The audit was undertaken in response to public concerns of malpractice at CMU. According to the report, what the team found were issues of poor governance and accounts management, infrequent council meetings, inadequate oversight by portfolio ministries, transactions not related to CMU's core business, direct contracting instead of competitive bidding, onerous costs related to contracts, and inconsistent human resource practices.

“Although CMU submitted its corporate plans, the university did not faithfully submit its annual and half yearly reports to the respective permanent secretaries and portfolio ministers. The last annual report [2013-2014] was prepared and submitted to the Ministry of Transport and Mining in September 2016. Additionally, the last audited financial statement was prepared for the 2014-15 financial year; the university is yet to prepare audited financial statements for 2015-16 to 2018-19,” the verification of the audit findings, which are now before the PAC, said.
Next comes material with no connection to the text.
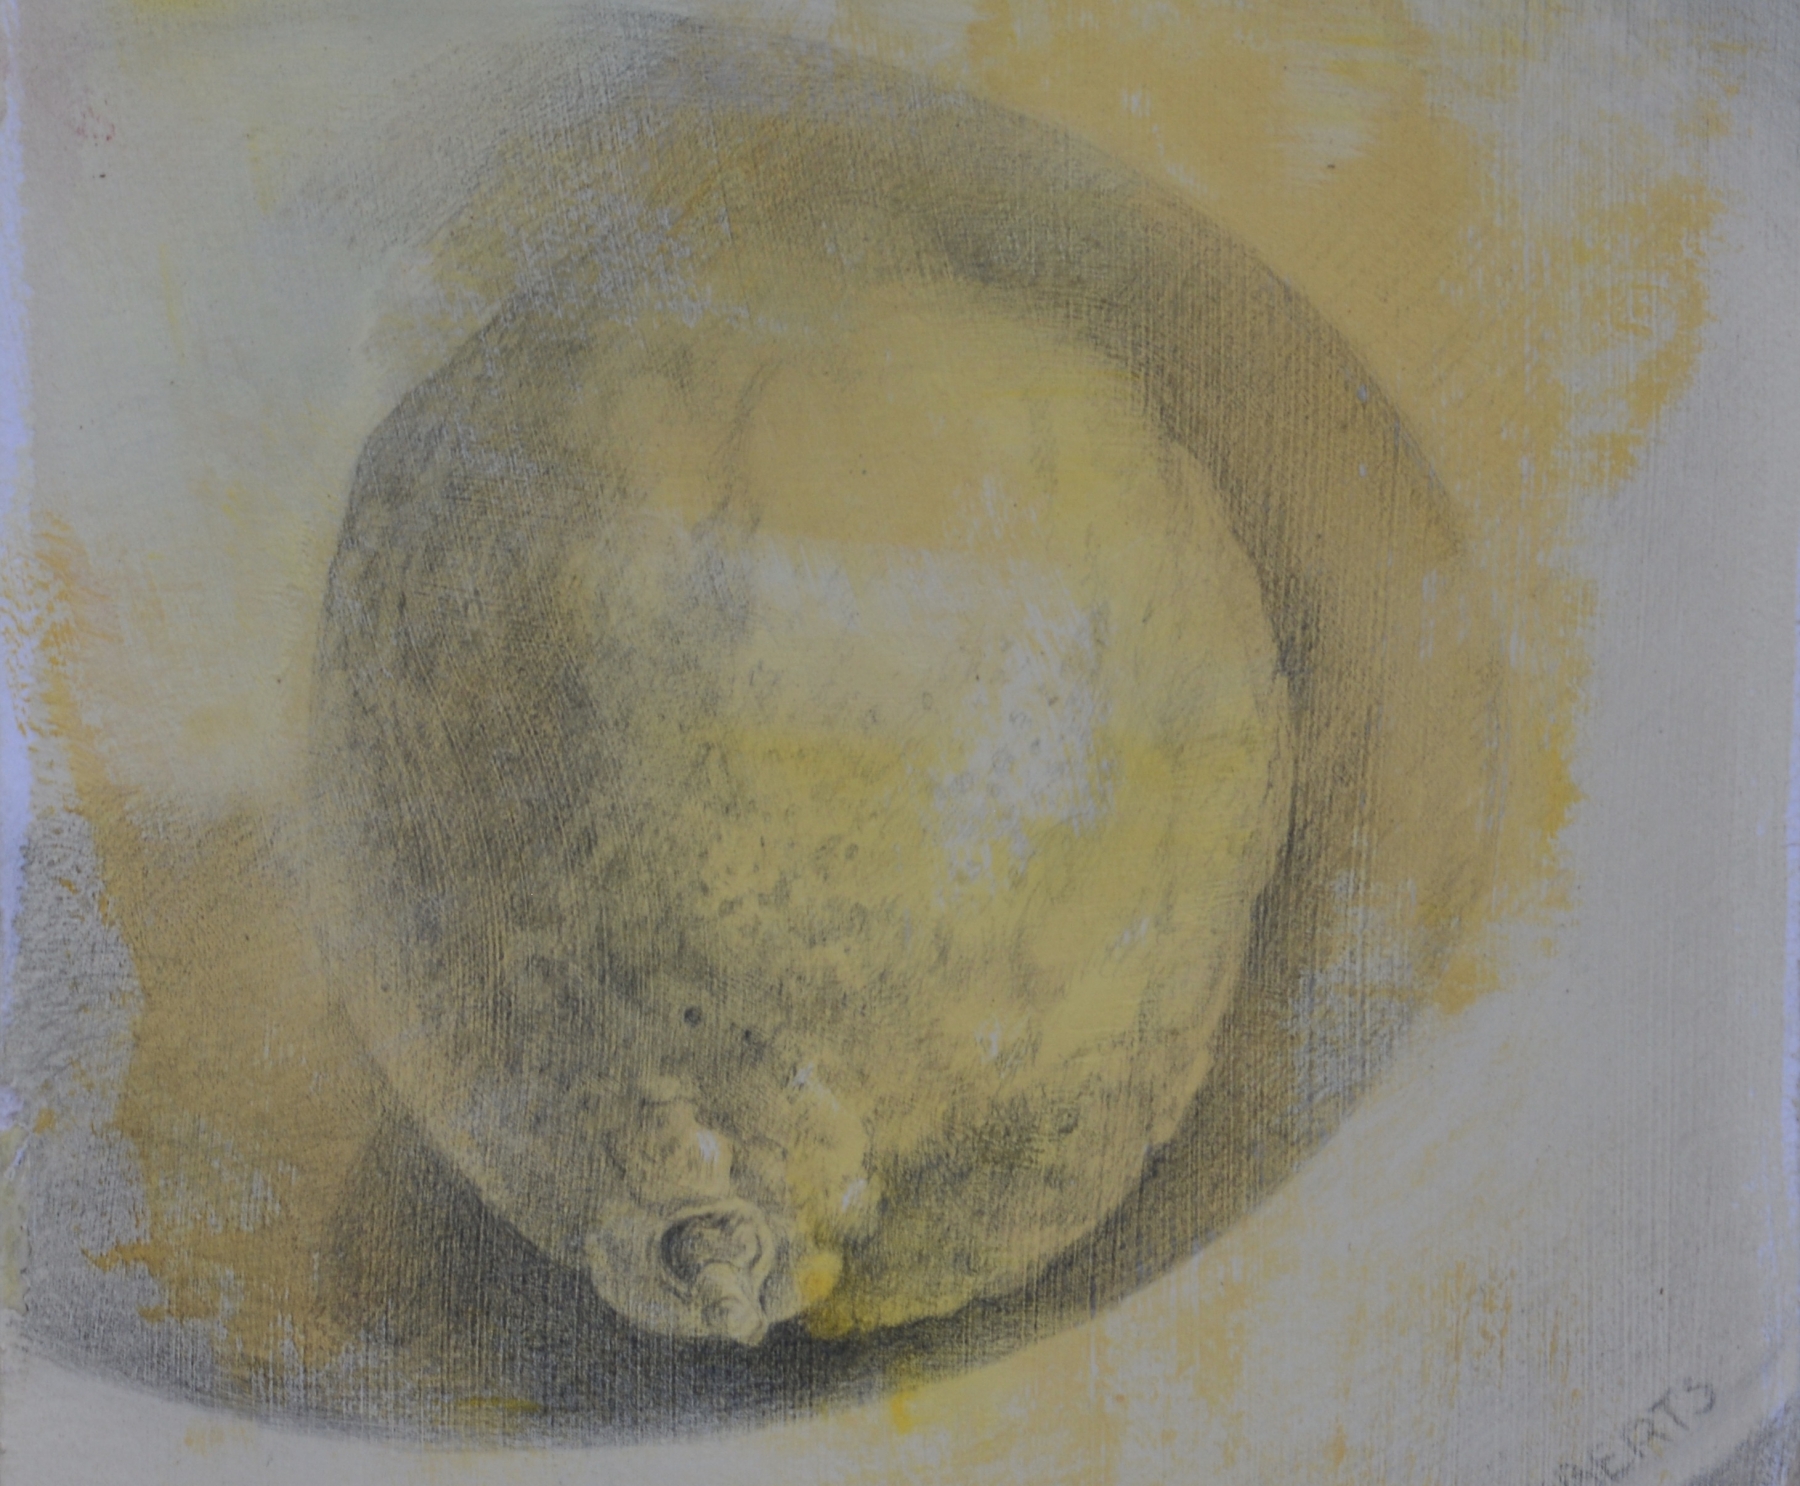 Lemon (Detail), 5.75" x 4.5", Silverpoint With Wash

Professor Ajaguna explained that the university is unable to meet the May target as the external auditors, Ernst & Young, had indicated that they were awaiting the auditor general's report. He said initially the auditors had indicated a timeline to submit the independent reports, but, unfortunately, after going through the auditor general's report, they have requested additional information.

PAC Chairman Mark Golding pointed out that the report has been in the public for months, and can therefore no longer be a basis for the delay of the financial statements for the reports.
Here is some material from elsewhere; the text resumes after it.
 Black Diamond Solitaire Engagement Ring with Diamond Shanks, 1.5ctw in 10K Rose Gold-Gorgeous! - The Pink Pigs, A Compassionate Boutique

Ajaguna said the CMU council is equally concerned, and has held a series of meetings with Ernst & Young, but “we are still where we are, but I think they are near completion of the 2015-2016 audit,” he said.

Acting permanent secretary in the education ministry, Dr Grace McLean told the committee that she has never seen a situation of this nature.

She said one of the issues the external auditors had in 2019 was the inability of the team to access the information required by the auditor general and other investigative bodies.

Auditor General Pamela Monroe Ellis offered a possible explanation for the hold-up, pointing to some of the challenges her team faced in the probe, which could also pose challenges for other auditors.

“As an example, a common exercise that is undertaken for a financial statement audit is that you will send a bank confirmation to all the banks for the bank accounts listed by the agency, we did that initially… what we found out, and I suspect this is what has caused a problem for the auditors, is that not all the bank accounts were revealed to us,” she outlined, noting that her team had learnt about the CMU's 22 bank accounts mentioned in the special report by other means.

“...For example, if CMU revealed to us that they have a bank account at a financial institution that is in New Kingston, the confirmation will go to New Kingston, but there may be bank accounts held at other locations for that bank, but those will not be revealed. The financial statement auditors Ernst & Young, having gone through the report, will realise that there is information that they did not know, that, as auditors, they will have to form an opinion on, so I suspect that they are now requesting that information. And my understanding is that there isn't supporting documentation for all the transactions, and that is also going to present a challenge to the auditor,” Monroe Ellis asserted.

According to the auditor general's report, between April and October 2019, the CMU's council convened 11 meetings, but had met only 12 times in three years between April 2016 and March 2019.

In its response, the CMU said the new council is now in place and arrangements are being made for the first meeting to be held, and that the council will form the subcommittees and schedule all meetings.